There is a growing body of research that disproves these false hypotheses. In his valuable book, Why We Do What We Do: Understanding Self-motivation, Edward Deci speaks eloquently of the truth that there exists within each of us, a drive for mastery. If we have the proper conditions to thrive, that innate drive will spring forth from within us to have us choose to pit ourselves against the challenges that will bring purpose and meaning into our lives. Deci’s claim, backed up by extensive research, is that we will want to learn; we will want to achieve mastery; we will want to be successful in the endeavors of our choice. These innate drives will flourish in a proper environment of respect and support. We can become our authentic selves without the influence of rewards and punishment that are so pervasive in our culture. It is because of the heavy influence on rewards and punishment, which is blatant control, that we are not thriving at optimal levels.

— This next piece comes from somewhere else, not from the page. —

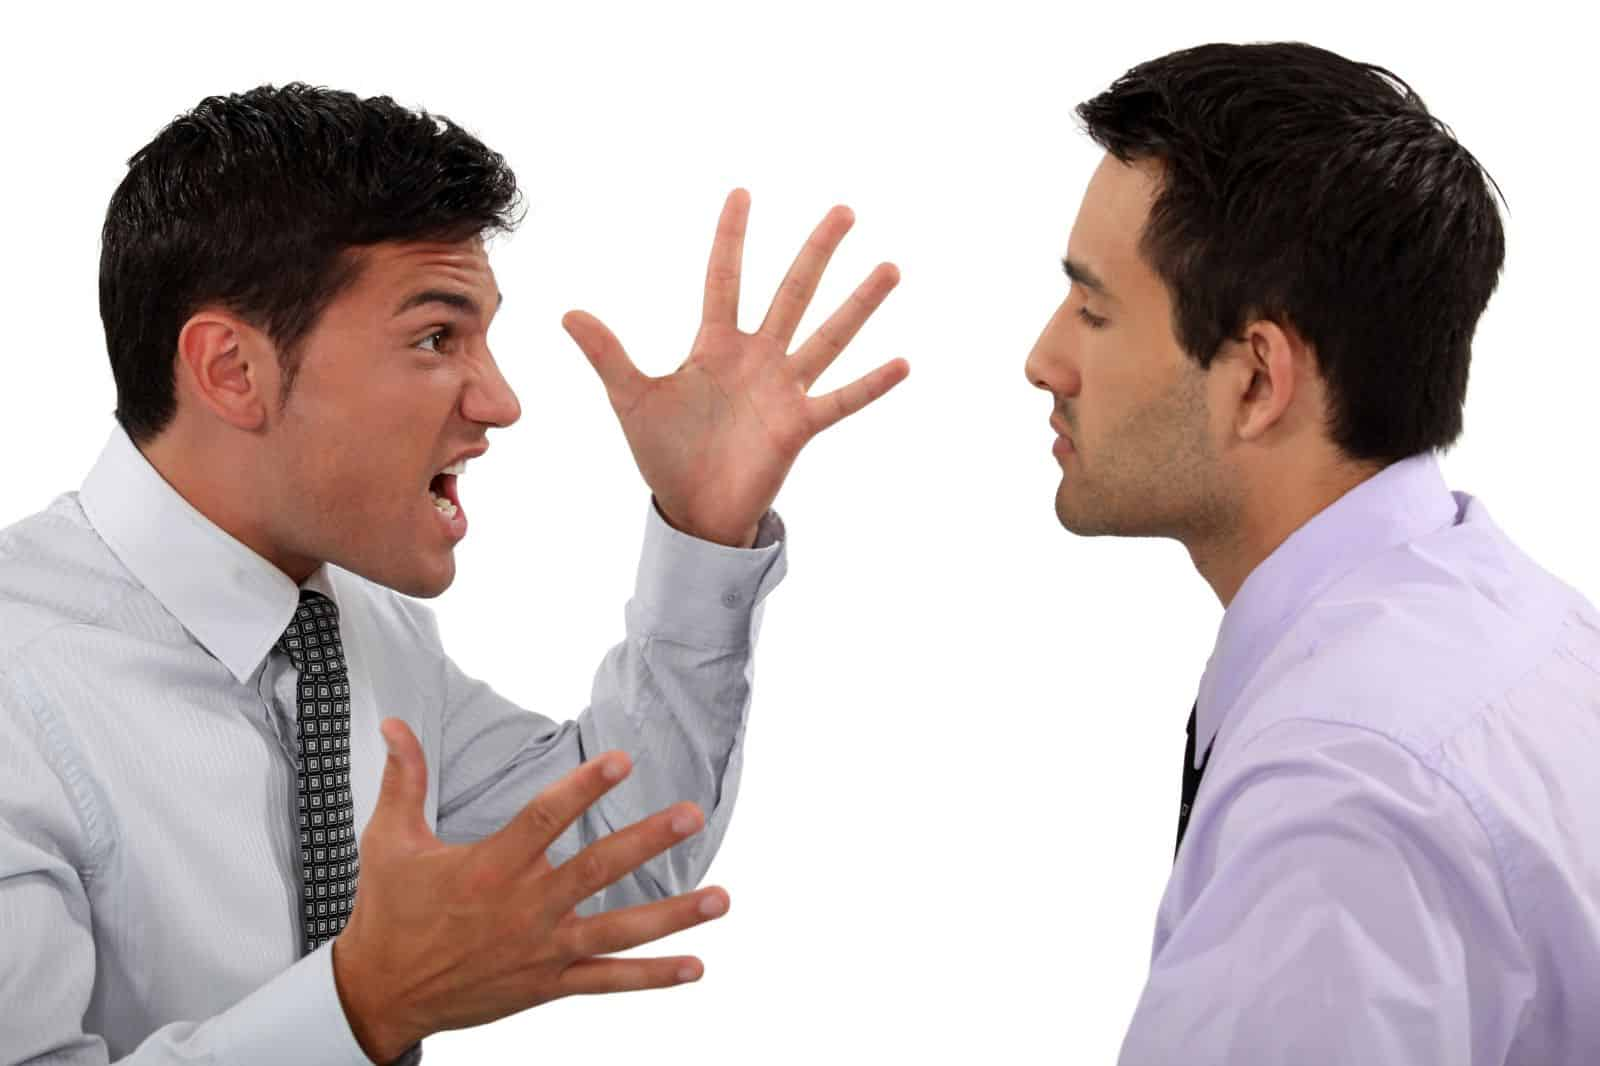 Млжно ли наказать дисциплинарно сотрудника за грубость

There are two types of controlling behavior: compliance and defiance. Compliance is most easily identified. Defiance is doing the opposite of what we are expected to do. Defiance offers the illusion of freedom of choice. But it is not being free because we are in such reaction to that which is controlling us. We are still not making choices out of our own values and preferences. Compliance and defiance are both outgrowths of feeling that we “have to” do something rather than we “get to” do it. The alternative to compliance and defiance is authenticity, acting in accordance with one’s own inner self.

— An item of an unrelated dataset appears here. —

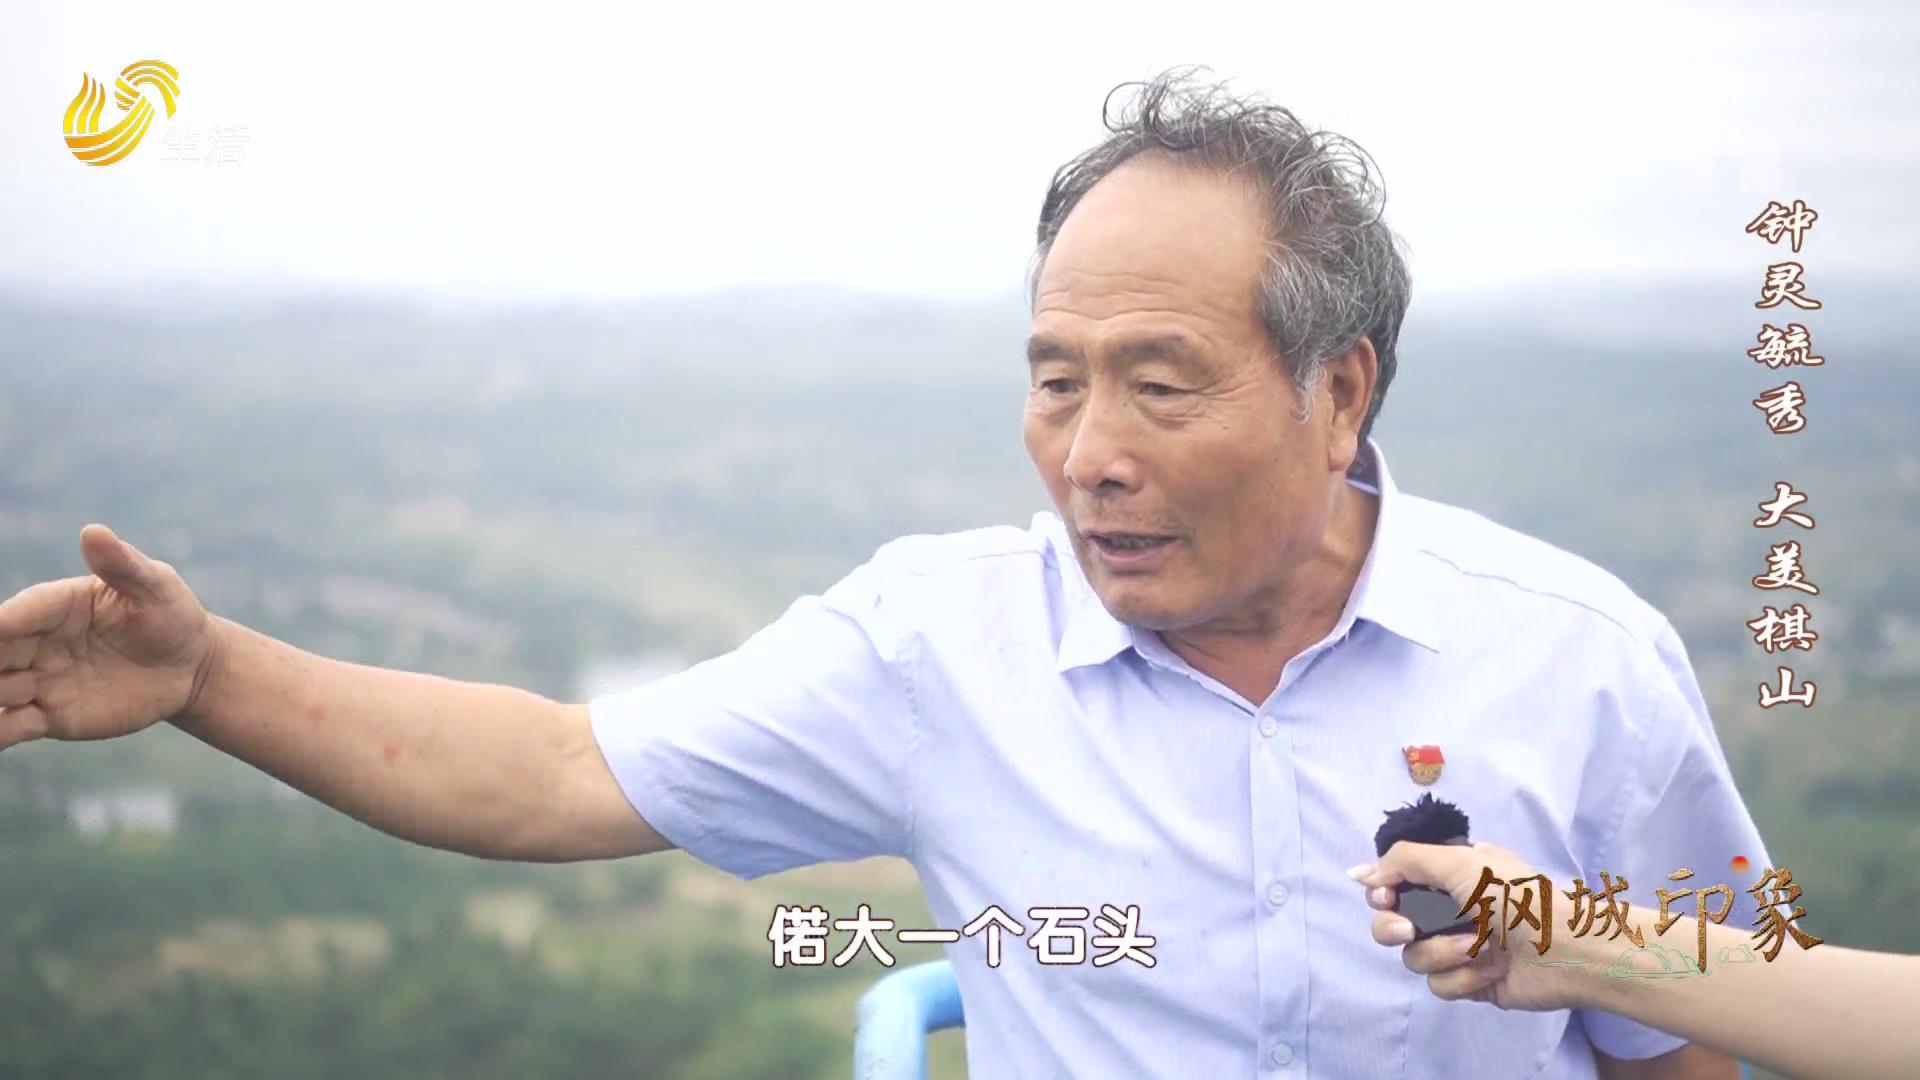 钟灵毓秀 大美棋山

In many ways, we are all fish in the water. We have been swimming in it for so long that we take it for granted. To stop to realize the toll that it is taking on our lives is dangerous because it requires us to change. But to not stop for such an assessment, as to whether we are living the life we want to live, is even more dangerous.

If we don’t stop to estimate the toll that it is taking to live according to other’s scripts for us, we will continue to play them out. Constantly scanning to see what others want from us (to either comply or defy) takes us away from looking inside where the deeper truth lies. We won’t even realize how controlled we are, and we are at risk of paying the terrible price of not knowing what we really want to be doing with our life.

Autonomy is a human need. To be autonomous means to act in accord with one’s self, to be free to take action that comes from a place inside that is self-referential rather than other-referential. When people are autonomous, they are doing what they want to be doing, fully involved with the activity with interest and commitment, which results in both enjoying the process and feeling competent. Being autonomous is satisfying but feeling effective and free is only part of the equation.

To become a fully functioning person, completely engaged in becoming himself or herself, we must be connected to others in a loving, caring way. When we enter into a relationship, we create all kinds of agreements. One of the most important agreements that are available to us is the opportunity to create a contract that we will be supportive of each other’s development, assisting each other to actualize our potential

It is a good deal to mutually support each other to become free to be ourselves, finally released from “should” “have to,” “duty,” and “obligation.” In the process of discovering what motivates us from the inside, rather than from external motivation, we become more enthusiastic, fully alive, responsible, and creative.

Our partner becomes the new socializing agent. No matter how many years we may have been socialized with the reward and punishment system, the partnership is a brand-new opportunity to live from the belief system that we are all intrinsically motivated to learn. We are not barbarians that will be irresponsible if left unchecked. Nor will we turn into passive slugs that will cause no results if there are no rewards and punishments.

Together we can create a new context to live from that supports each other in the most meaningful ways. The new environment that we create will ultimately bring us each to choices that are filled with excitement and the satisfaction that comes from the accomplishment of activities that truly interest us. It is a great deal to make with our partner to become free, authentic, and whole, resting in the certainty that we are living the life we want to live.